Chapter 28, Problem 51E

(a)

To determine

The expected value of $r$.

Answer to Problem 51E

The expected value of $r$ is $\frac{3a_0}{2}$.

Explanation of Solution

Write the expression for the expectation value of any physical observable $x$.

    $\langle x\rangle ={\displaystyle \underset{-\infty }{\overset{\infty }{\int }}{\left|\Psi \left(r\right)\right|}^{2}x{d}^{3}r}$        (I)

Here, $\Psi \left(r\right)$ is the wave function associated with the particle.

Write the expression for the wave function of the 1s electron in hydrogen atom.

    ${\Psi }_{1s}=\frac{1}{\sqrt{\pi a_0^3}}{e}^{-r/a_0}$        (II)

Here, ${\Psi }_{1s}$ is the wave function and $a_0$ is the Bohr’s radius.

Conclusion:

Substitute $\frac{1}{\sqrt{\pi a_0^3}}{e}^{-r/a_0}$ for $\Psi \left(r\right)$ and $r$ for $x$ in equation (I).

    $\langle r\rangle =\left(\frac{1}{\pi a_0^3}\right){\displaystyle \underset{0}{\overset{\infty }{\int }}r{e}^{-2r/a_0}\left(4\pi r^{2}dr\right)}$

Simplify the above equation.

    $\langle r\rangle =\left(\frac{4}{a_0^3}\right){\displaystyle \underset{0}{\overset{\infty }{\int }}{r}^3{e}^{-2r/a_0}dr}$

Use the following identity to evaluate the above equation.

    ${\displaystyle \int uvdx=u{\displaystyle \int vdx-{\displaystyle \int \left[\frac{du}{dx}{\displaystyle \int vdx}\right]dx}}}$

Rearrange the equation for the expectation value of $r$.

    $\langle r\rangle =\frac{3a_0}{2}$

Thus, the expectation value of $r$ is $\frac{3a_0}{2}$.

(b)

To determine

The expectation value of $1/r$.

Answer to Problem 51E

The expectation value of $1/r$ is $\frac{1}{a_0}$.

Explanation of Solution

Write the expression for the expectation value of any physical observable $x$.

    $\langle x\rangle ={\displaystyle \underset{-\infty }{\overset{\infty }{\int }}{\left|\Psi \left(r\right)\right|}^{2}x{d}^{3}r}$

Here, $\Psi \left(r\right)$ is the wave function associated with the particle.

Write the expression for the wave function of the 1s electron in hydrogen atom.

    ${\Psi }_{1s}=\frac{1}{\sqrt{\pi a_0^3}}{e}^{-r/a_0}$

Here, ${\Psi }_{1s}$ is the wave function and $a_0$ is the Bohr’s radius.

Conclusion:

Substitute $\frac{1}{\sqrt{\pi a_0^3}}{e}^{-r/a_0}$ for $\Psi \left(r\right)$ and $1/r$ for $x$ in expression (I).

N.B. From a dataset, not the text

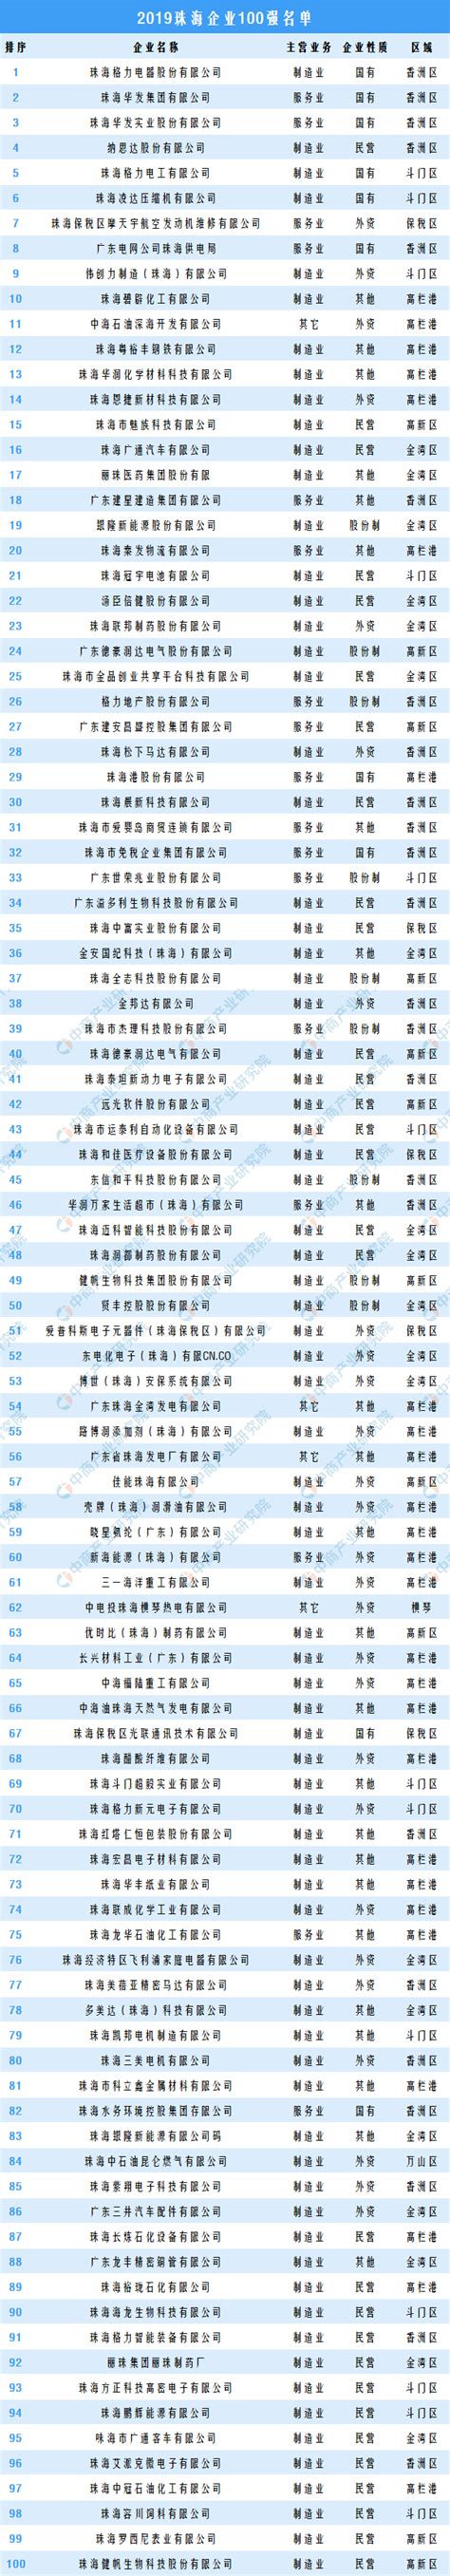 2019年珠海企业100强排行榜-产业排行榜-排行榜-中商情报网

    $\langle r\rangle =\left(\frac{1}{\pi a_0^3}\right){\displaystyle \underset{0}{\overset{\infty }{\int }}\frac{1}{r}{e}^{-2r/a_0}\left(4\pi r^{2}dr\right)}$

Simplify the above equation.

    $\langle r\rangle =\left(\frac{4}{a_0^3}\right){\displaystyle \underset{0}{\overset{\infty }{\int }}r{e}^{-2r/a_0}dr}$

Use the following identity to evaluate the above equation.

    ${\displaystyle \int uvdx=u{\displaystyle \int vdx-{\displaystyle \int \left[\frac{du}{dx}{\displaystyle \int vdx}\right]dx}}}$

Rearrange the equation for the expectation value of $r$.

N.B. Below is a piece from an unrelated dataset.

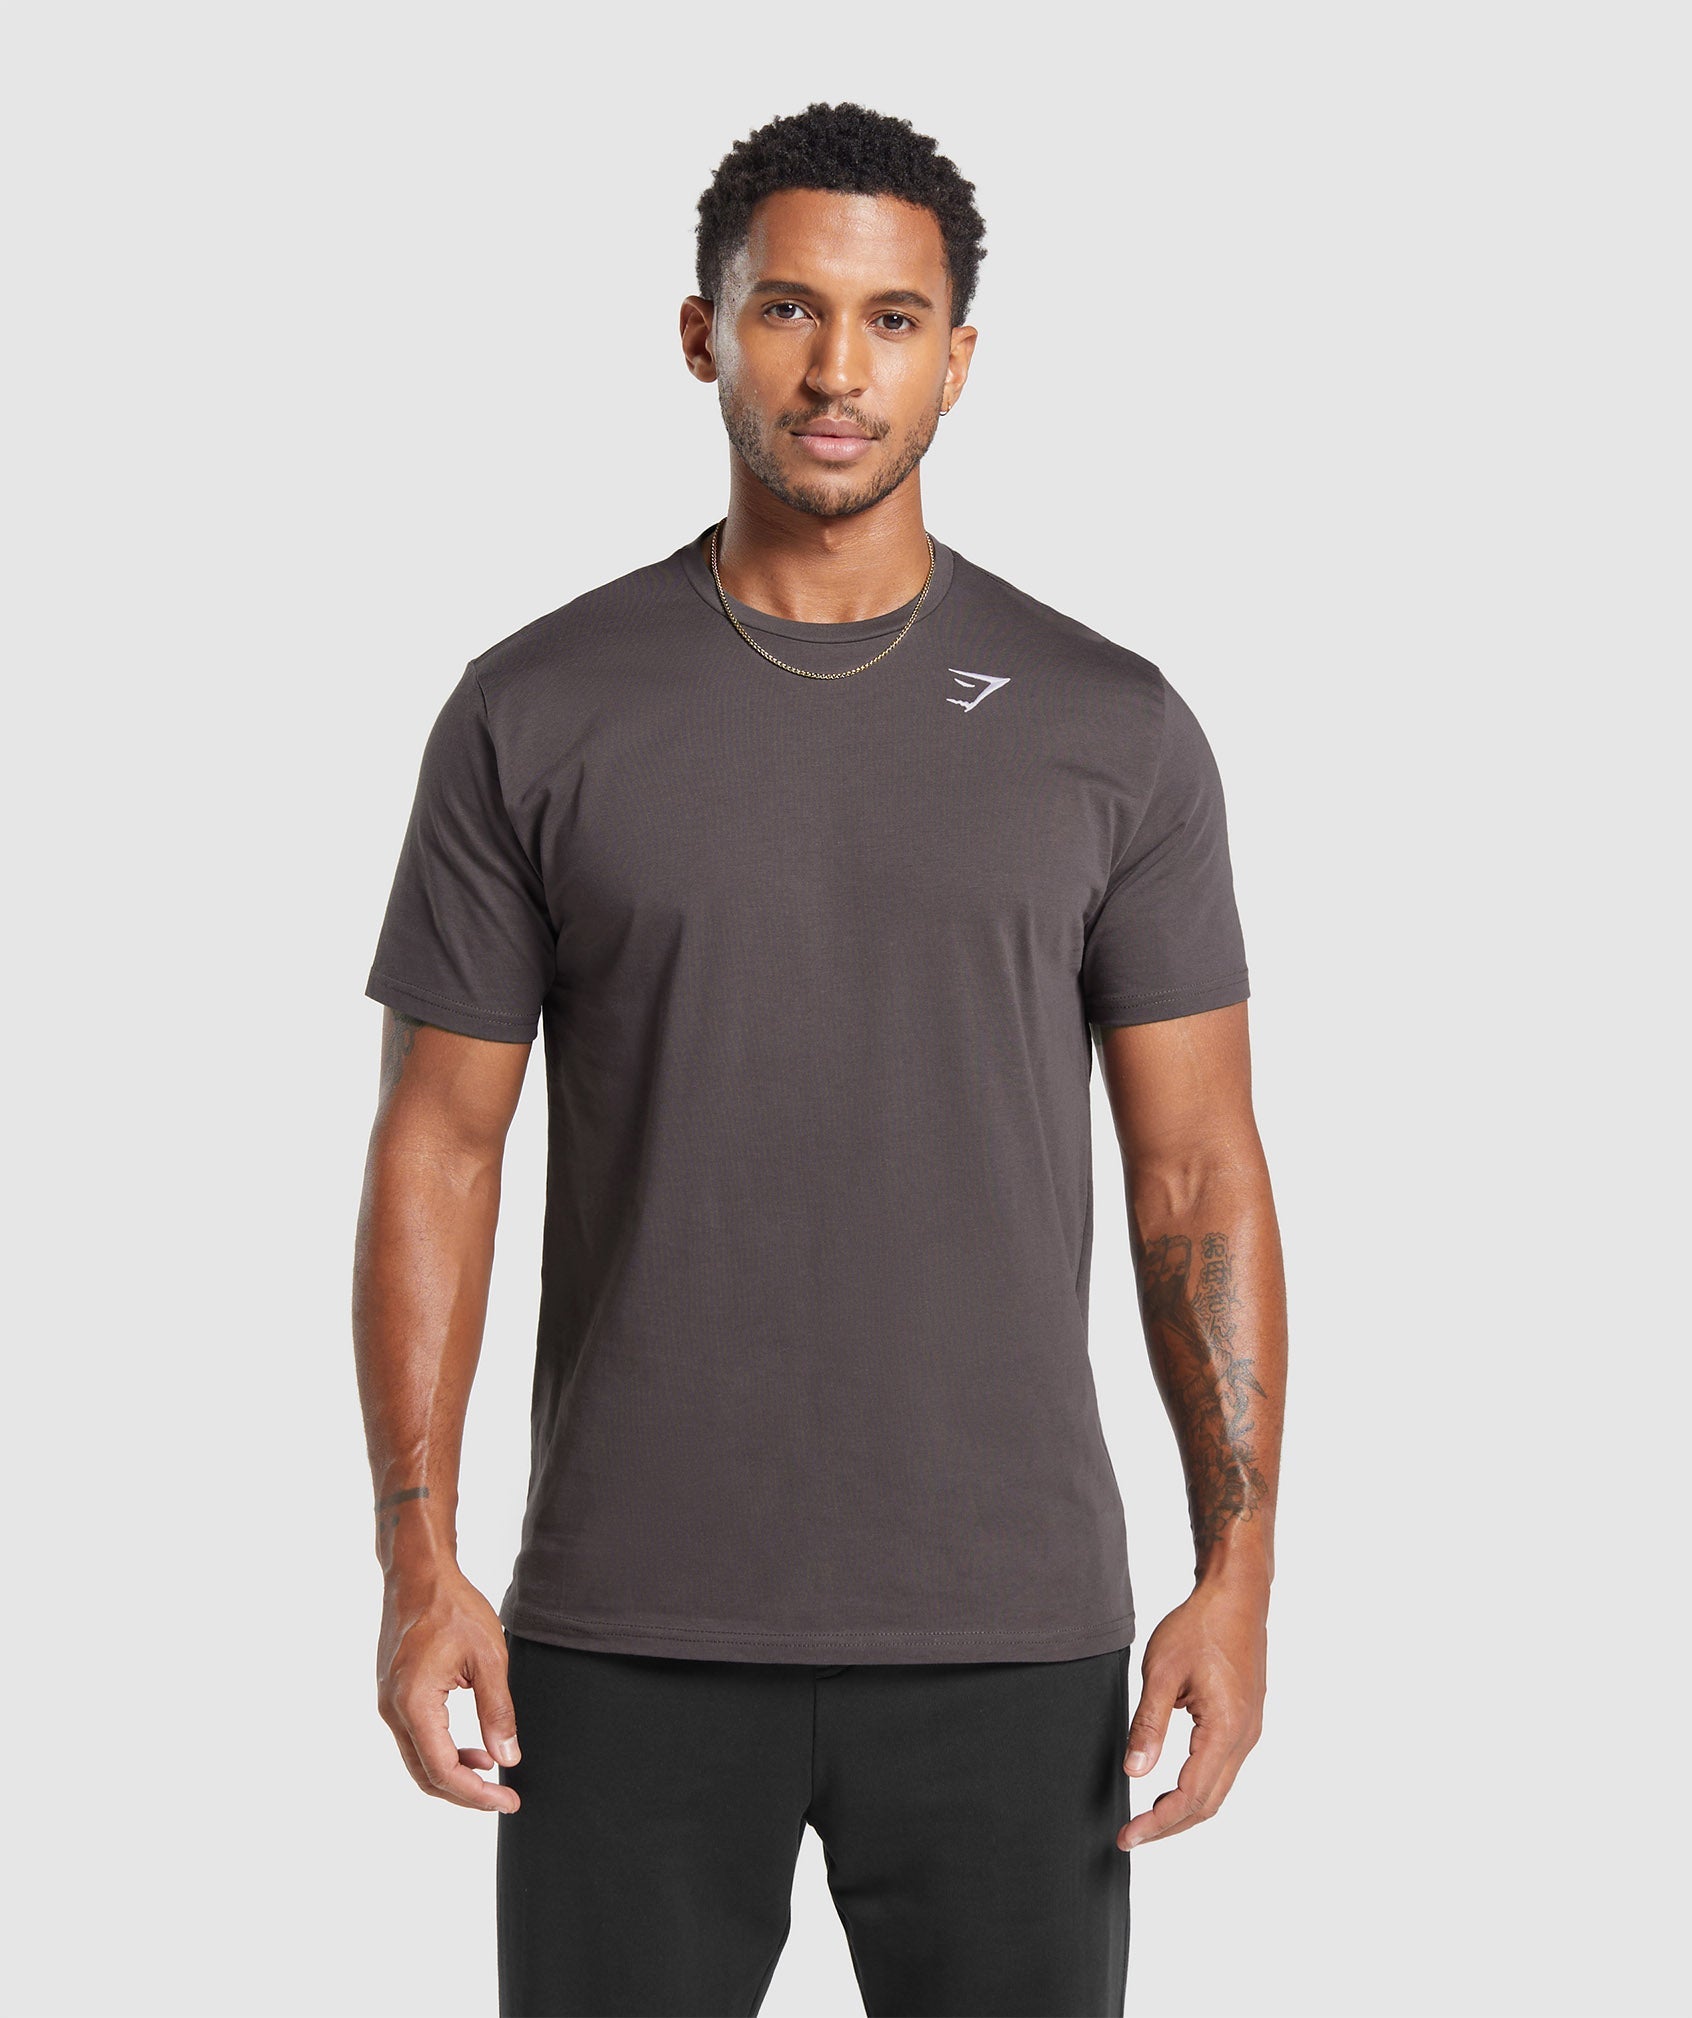 Crest T-Shirt dans Greyed Purpleest en rupture de stock

    $\langle r\rangle =\frac{1}{a_0}$

Thus, the expectation value of $r$ is $\frac{1}{a_0}$.

(c)

To determine

The reason why $1/\langle r\rangle$ is not equal to $\langle 1/r\rangle$.

Answer to Problem 51E

Both the values of the quantities are not same.

Explanation of Solution

Physically $\langle r\rangle$ is the expectation value or the most probable value of the radius for the electron in the ground state of hydrogen. But $\langle 1/r\rangle$ is the expectation value of the inverse of the radius for the electron.

Physically both the quantities have two different interpretations.

Conclusion:

Thus, both the values of the quantities are not same.